Two of the masterminds responsible for getting Barack Obama elected are outsourcing their political expertise across the pond in Great Britain. But this time, Jim Messina and David Axelrod are on opposing sides, facing off in the 2015 election for Great Britain’s next prime minister, according to
The New York Times.
Axelrod worked as a political adviser to President Bill Clinton and later as a campaign adviser to Barack Obama during his 2008 presidential campaign. When Obama won the White House, Axelrod became the president’s senior adviser until 2011, when he left to work on the president’s 2012 re-election campaign.
In the U.K., Axelrod is farming out his expertise — and parroting a similar income inequality platform as the one used by Obama — for the liberal Labor Party candidate, Ed Miliband.
Messina, Obama’s 2012 campaign manager, is fielding criticism for his decision to accept a position with Prime Minister David Cameron, leader of the country’s Conservative Party with an agenda some say is in stark contrast to Obama’s.

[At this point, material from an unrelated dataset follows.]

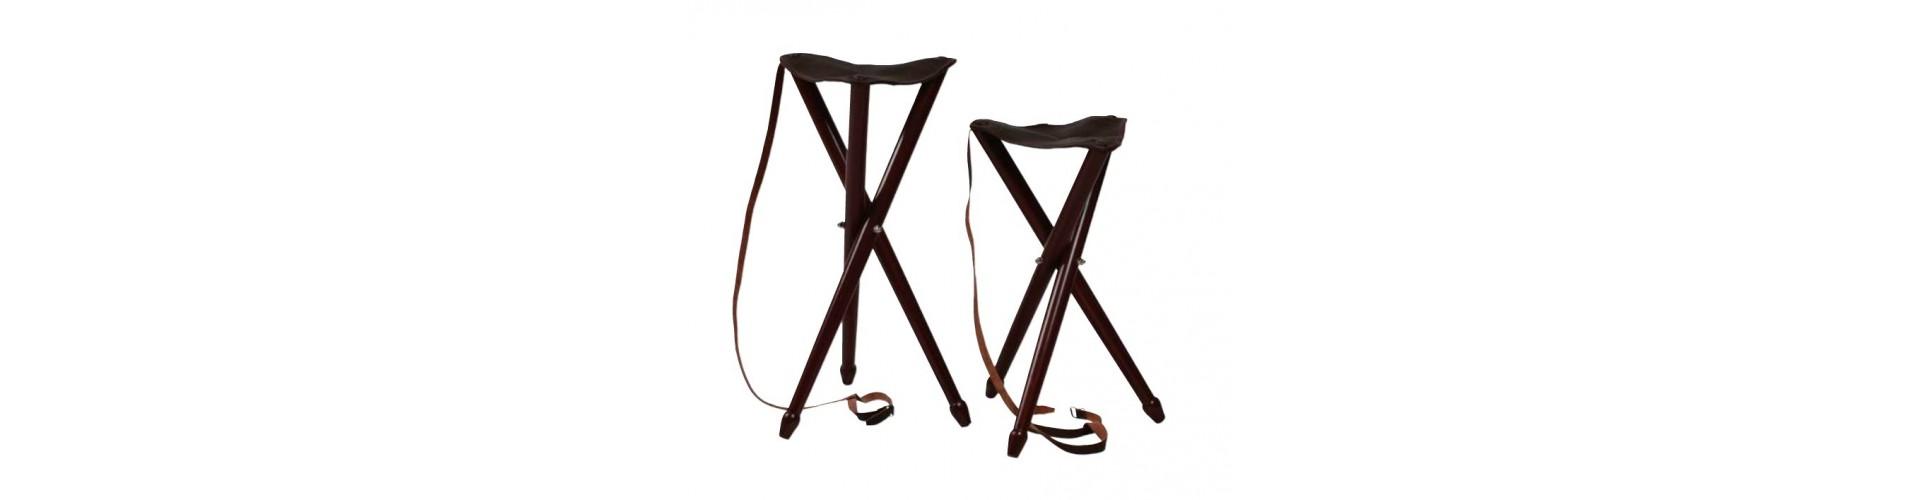 Jagtstole - Køb jagtstole med og uden ryglæn og rygsæk

Similar to conservatives in the United States, Cameron takes the position that his country needs to rebound after years of Labor Party rule and that "tough immigration laws are protecting British values and jobs," the Times reports.
While it’s not uncommon for American political wonks and strategists to go into private consulting and take work in other countries, what is unusual in this case is that two former colleagues of a sitting president will be working against one another in an election that will determine the leader of America’s closest ally, according to the Times.

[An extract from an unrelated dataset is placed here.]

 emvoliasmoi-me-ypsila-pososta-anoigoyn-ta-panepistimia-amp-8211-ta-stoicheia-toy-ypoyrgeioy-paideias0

While Messina insists there is no bad blood between he and Axelrod, Axelrod refused to comment on their relationship to the newspaper.

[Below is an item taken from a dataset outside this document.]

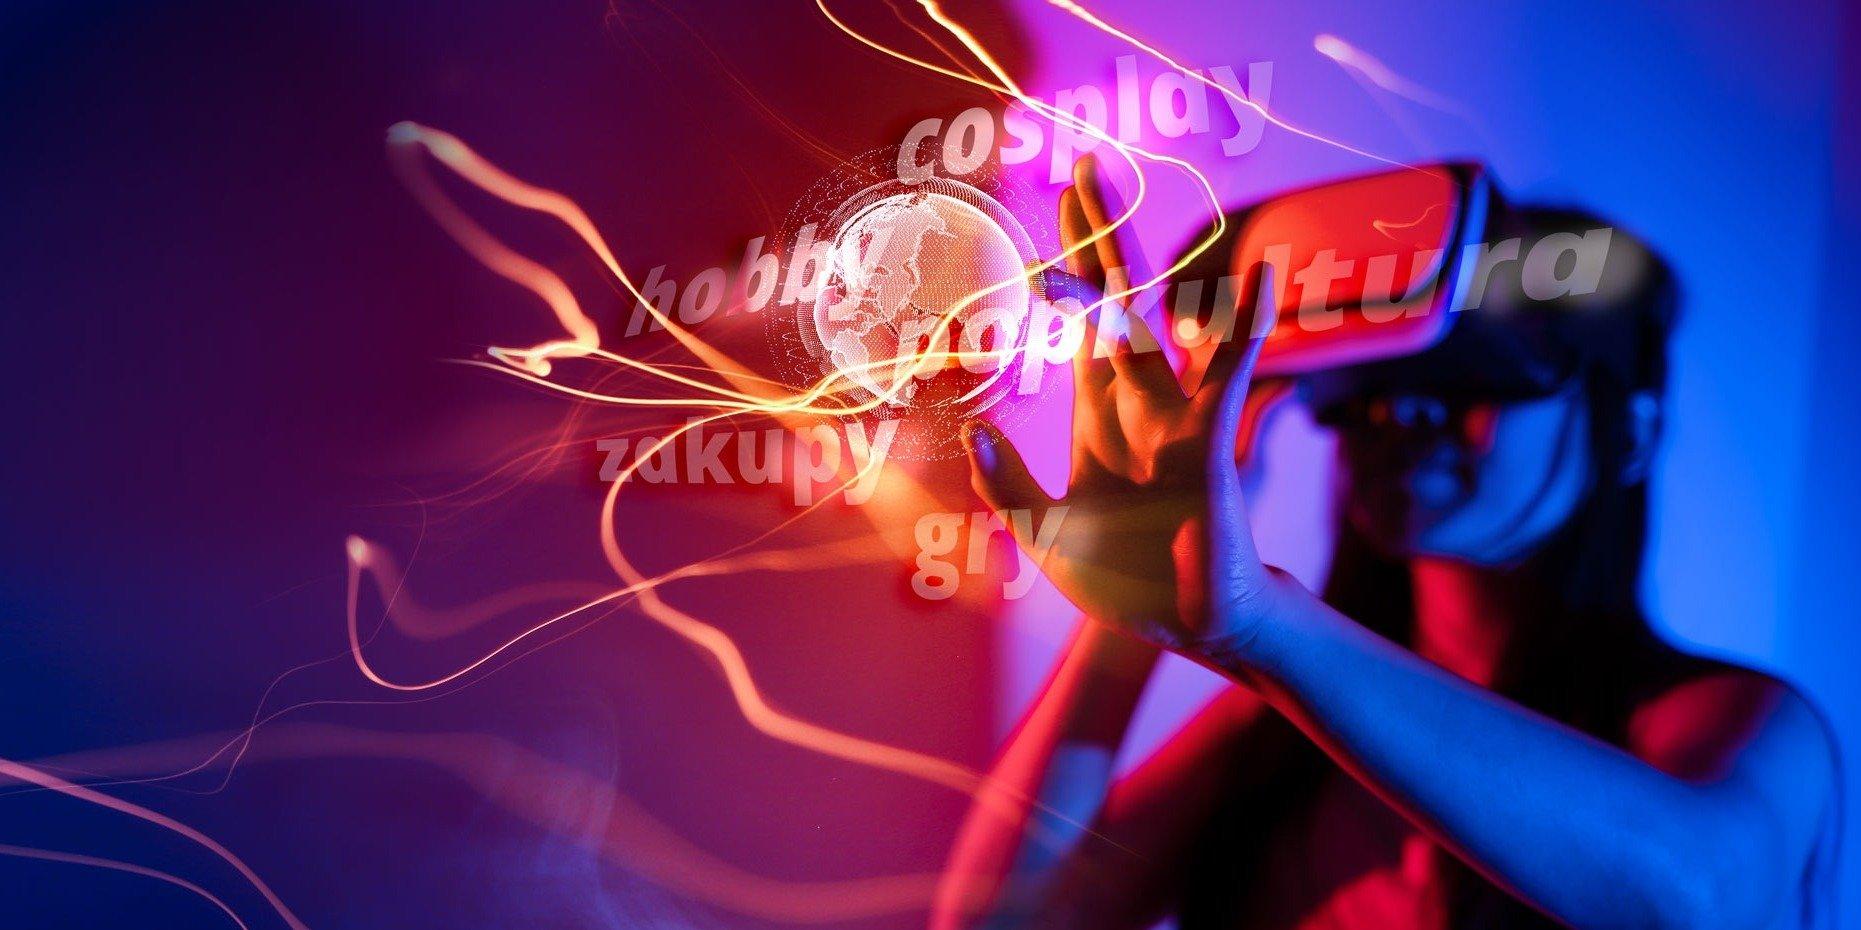 PyrkONline, czyli święto fanów fantastyki rozpoczyna się już 15 października!

Adding vexation to American Democrats is that Messina heads the super PAC Priorities USA, which supported Obama and is now "pro-Hillary Rodham Clinton."
His decision to go to work for the Tories in England has caused internal strife for some Democrats, including White House Chief of Staff Denis McDonough and American pollster Stanley Greenberg, who told the Times that working for the Tories "ought to be disqualifying" for Messina to then work on a Hillary Clinton presidential campaign.
"This is 'make as much money as you can,' not the ideological side of the Obama project," he said.